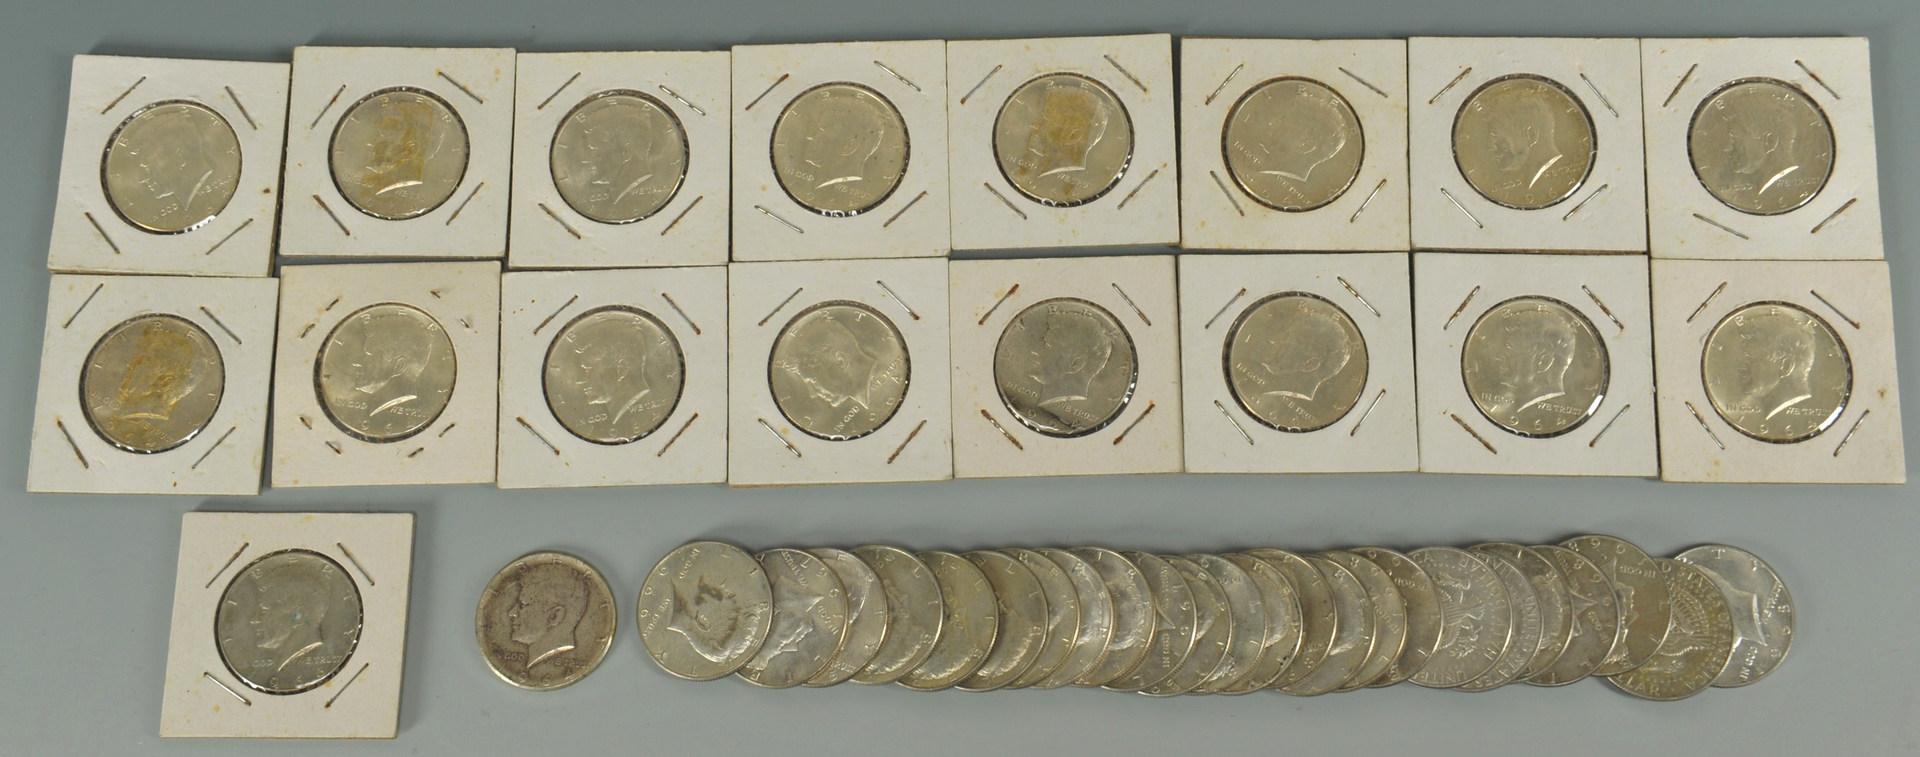 Lot 550: Grouping of U. S. Kennedy Half Dollars
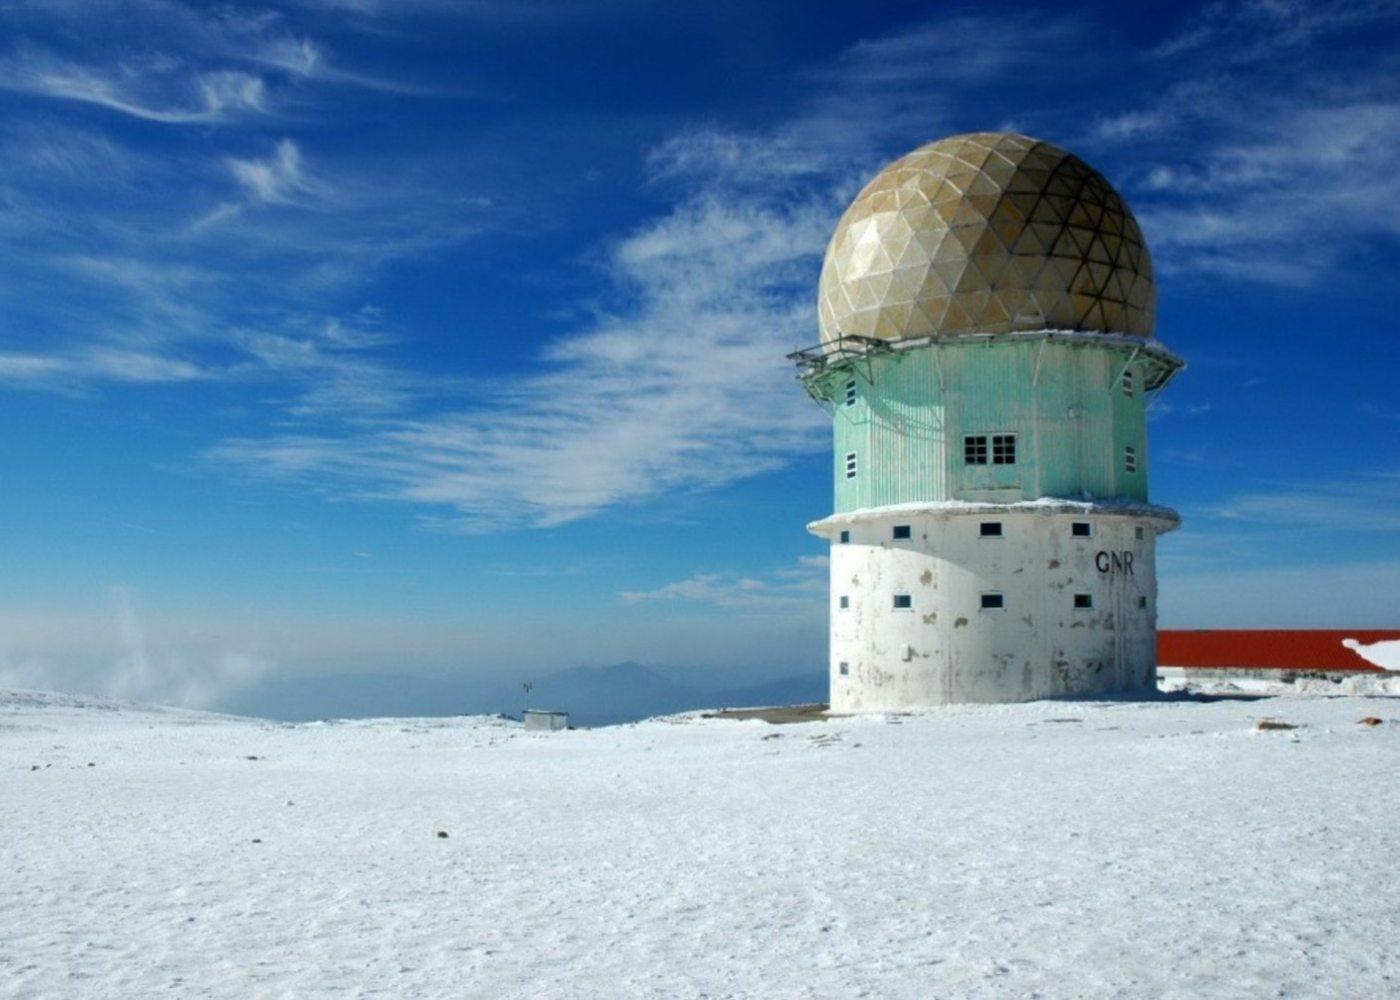 Neve na torre da Serra da Estrela
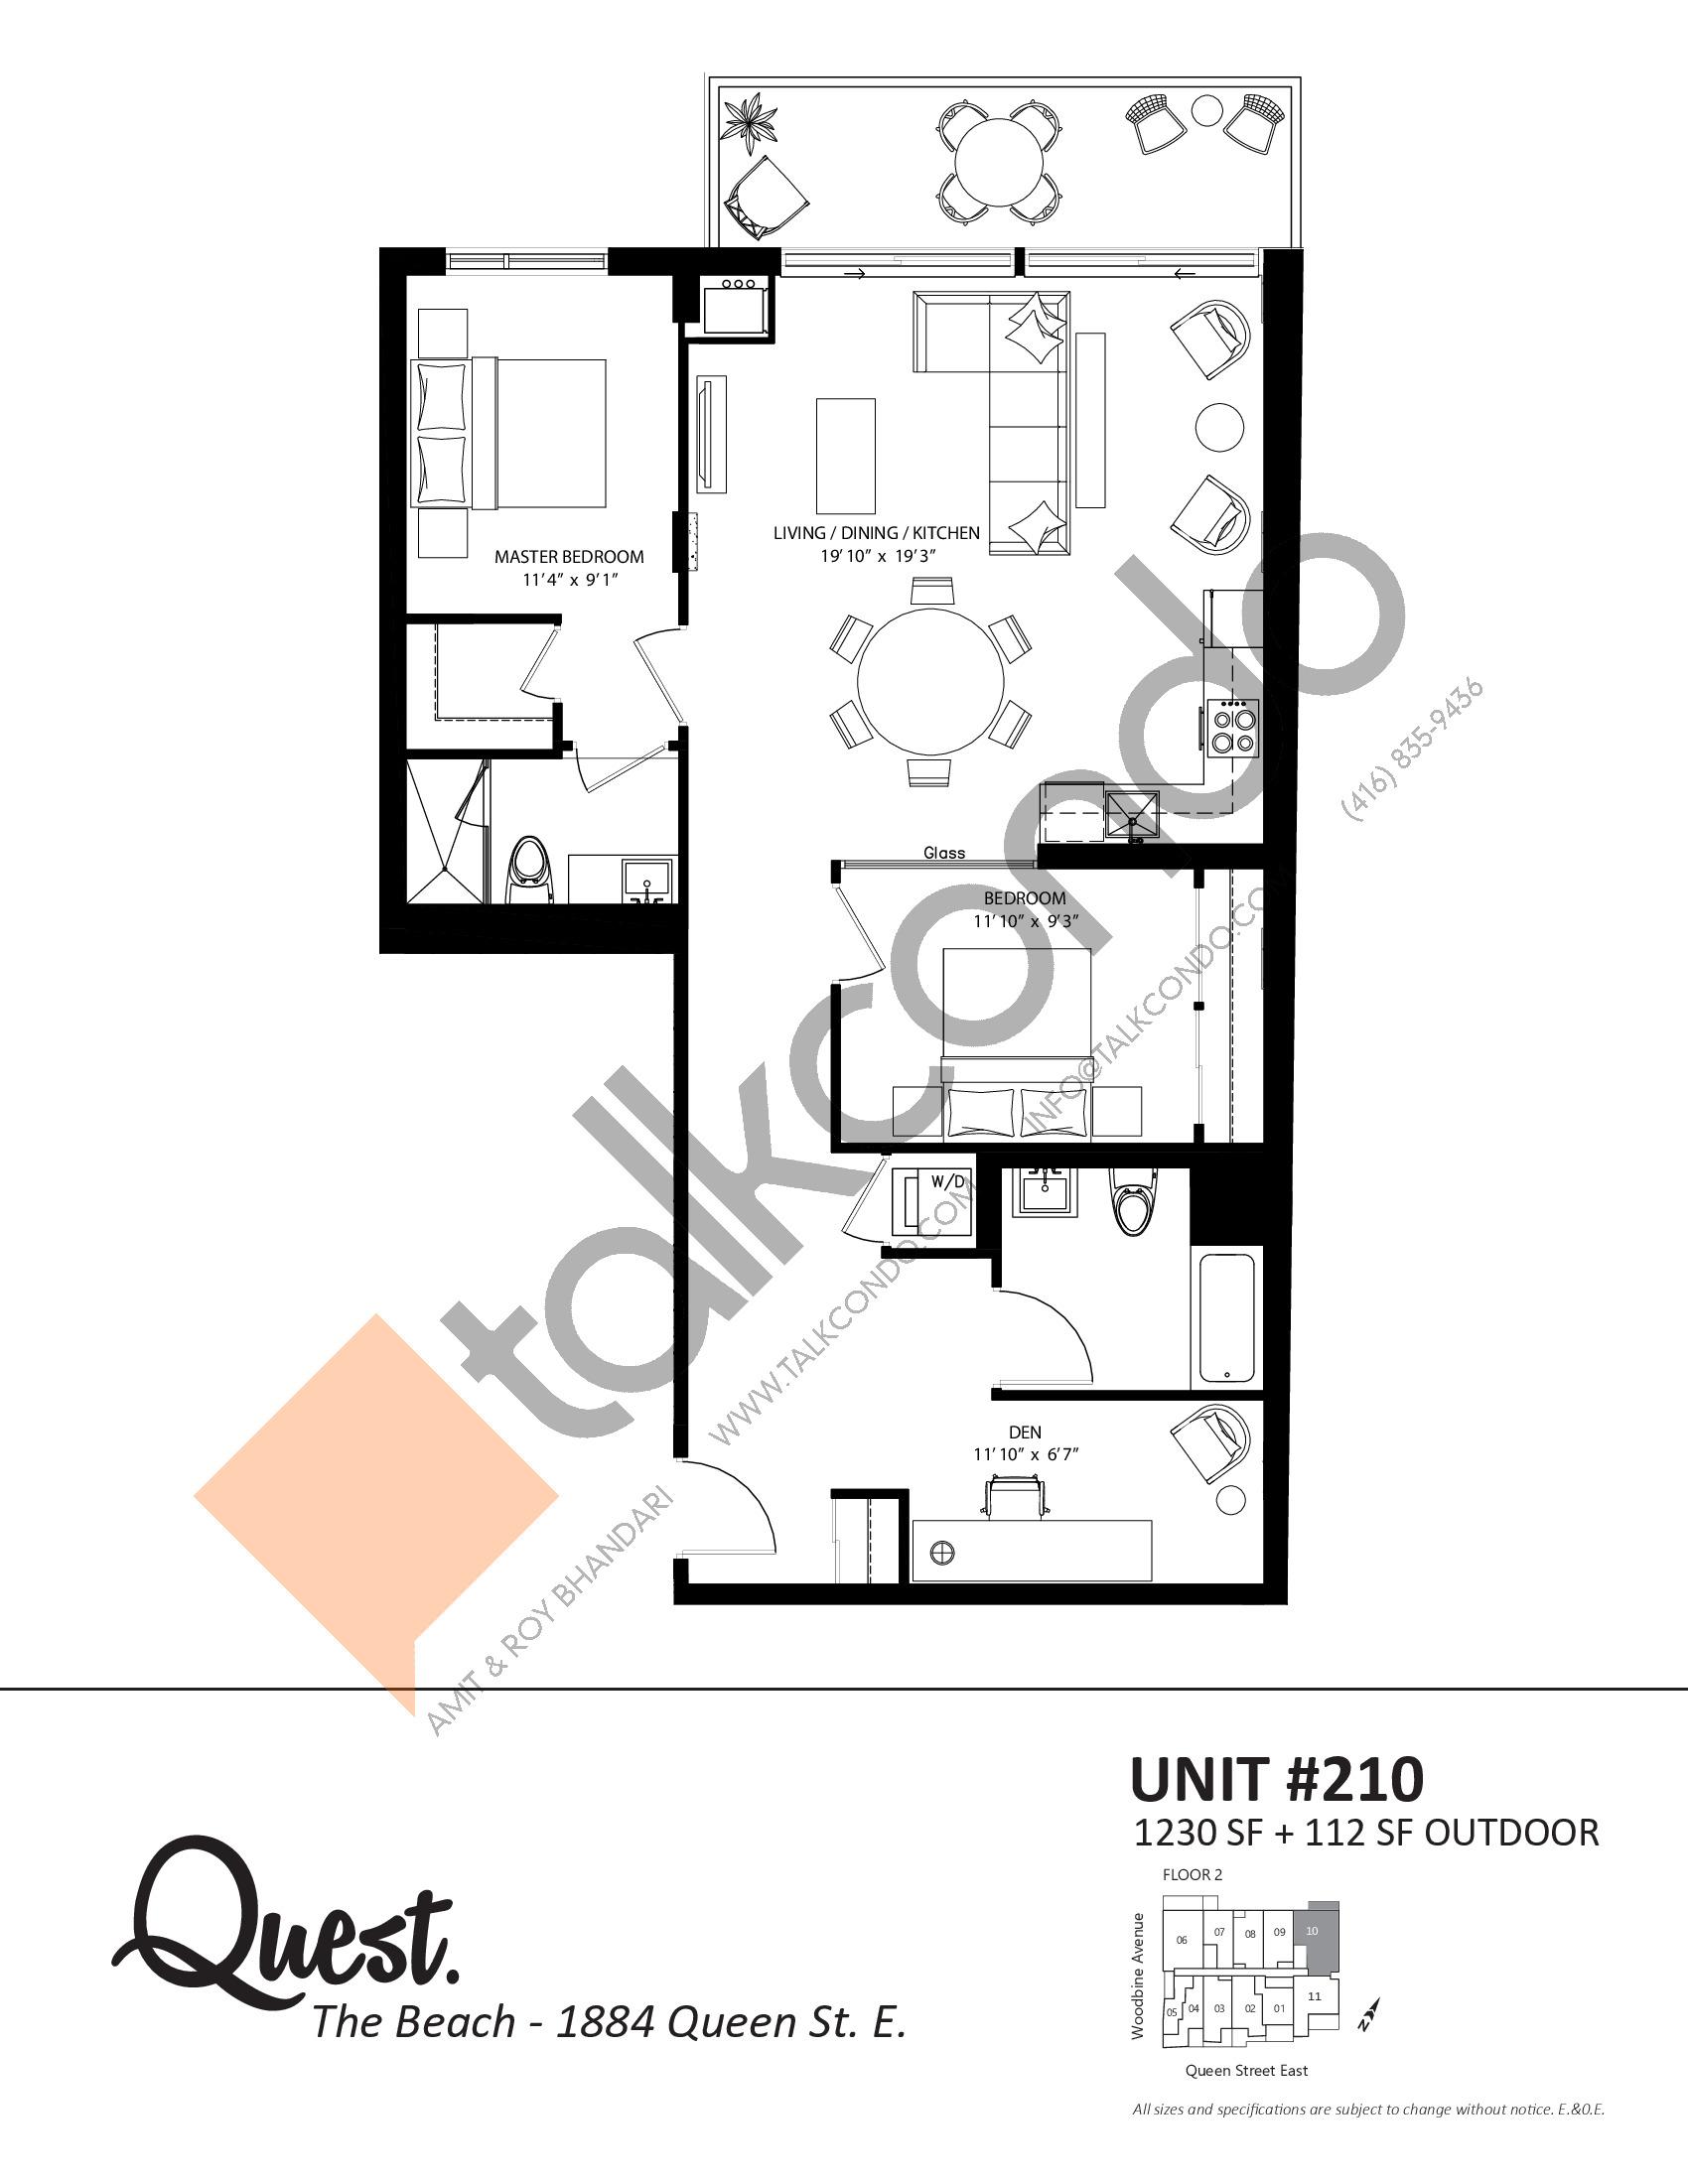 Unit 210 Floor Plan at Heartwood the Beach Condos - 1230 sq.ft

* [TO DO] Would you output the data exactly, without any of its images?

* [TASK RESULT]
 Lot 550: Grouping of U. S. Kennedy Half Dollars
 Neve na torre da Serra da Estrela
 Unit 210 Floor Plan at Heartwood the Beach Condos - 1230 sq.ft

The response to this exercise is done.